Thena looked down at her lap again as well. It had been a few months since she'd met Gil. And if what he said was true, he hadn't intended on staying in London long, let alone permanently. She wasn't sure how long he had been here before meeting her, either. But Sersi's relationship with Dane was no more than a year old, by now.
"Sersi asked me," he laughed dryly. "She asked if I knew what I was getting myself into, which was rich, coming from her."
He sounded exactly like a protective brother.
"I said I totally had it under control," he laughed at himself, which was something she - foolishly - found so charming about him. "No worries, y'know, so I made a friend, so what? It would be good for me. Next thing I know, I bought my first phone just so I could text you."
She stared. "You didn't have a phone before?"
He waved his hand dismissively again, and maybe she could see why a few of his mannerisms really seemed more like that of an old man than a gentleman in his late forties at most. "Sersi's been trying to convince me. She's so addicted to hers it's ridiculous. She even made an instagram! I told her she would just have to delete it in a few years but-!"
Thena held back a laugh as he cut himself off. "Should I feel honoured, or even more betrayed?"

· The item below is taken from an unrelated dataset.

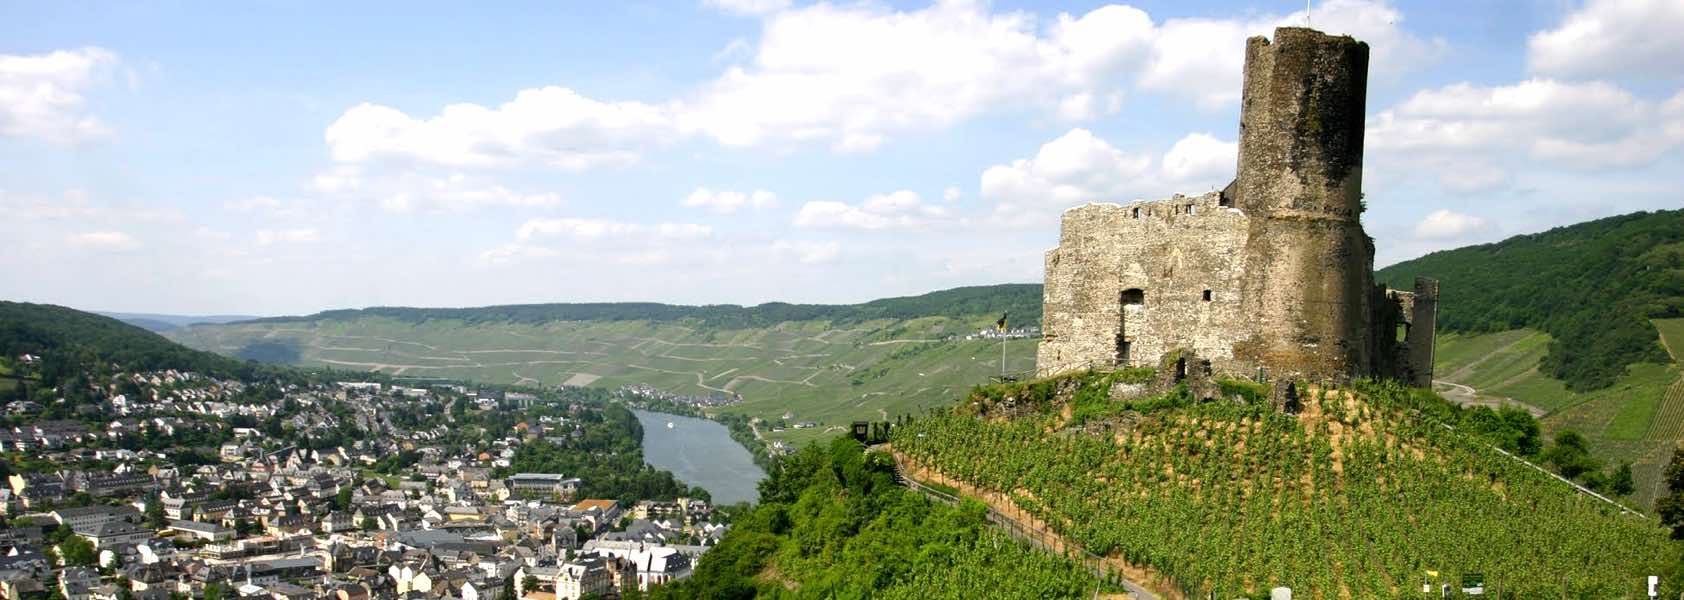 Duitsland | Wandelen in de Eifel over de Matthiasweg

It had been half joking and half serious, but Gil took on that sad, wounded expression again. "You have every right to feel that way. But Thena, I swear on all the time I have left: I chose to stay, so I could be close to you. I wanted to spend whatever time we could have together...with you."
It was a humbling admission. She didn't quite want to imagine the heavier implications of that. The idea of Gil never aging while she slowly became an old woman beside him. Or did he have some kind of magic, or Cosmic Energy rather, that would help with that? It sounded like Sersi had accepted the consequences of her dalliance with a human.
Gil had asked her if she would want to go to dinner with Sersi and Dane as a couple. Although now all she could think of was the two Eternals smiling on as their humans chatted away about trivial human things.
"Thena, please," Gil slid closer again, taking her hand in his. "I know I sound insane, and I don't blame you if you say you want nothing to do with me after this. But I never lied when I told you liked you, or that I wanted to spend the rest of my days listening to you talk about South American architecture, or Grecian olive harvesting, or the Guptan Empire."
Thena squeezed her eyes shut, feeling tears in them. Gil swooped forward pulling her closer to him, always eager to comfort. He pressed his lips to her temple.
"I'm so sorry, sweetheart. I never meant for you to get hurt."
She believed that. Because Gil would never be capable of wishing harm on her. He probably wasn't capable of really wishing it on anyone, except maybe Sersi's ex-husband. She wouldn't have believed him capable of causing harm either, until the news today.
"If I could trade the rest of my forever for one more day with you, I would."
Maybe that was easy to say for someone who really did have a forever. She looked at him, wild in the eyes.
"Sorry," he whispered, looking away from her. He gave her cheek another kiss before releasing her slowly. "I'll give you time to think. If...if you don't want to talk anymore, I'll understand. But if I don't hear from you in a few days, can I at least come check if you're okay?"
She nodded, completely without the words to ask him to stay. He took it though, nodding back and then walking towards the far exit of the museum floor. She could hear his steps the whole way, although her heart felt like it was pounding at the inside of her skull.
She had a lot to think about. Aliens and monsters and immortal Eternals who had been on Earth for thousands of years. Did this have anything to do with how half of the earth's population vanished in the blink of an eye those years ago? Did they also blip? Could they?
She had so much to think about, so much to worry about. And the only person she wanted to talk to about it all just left.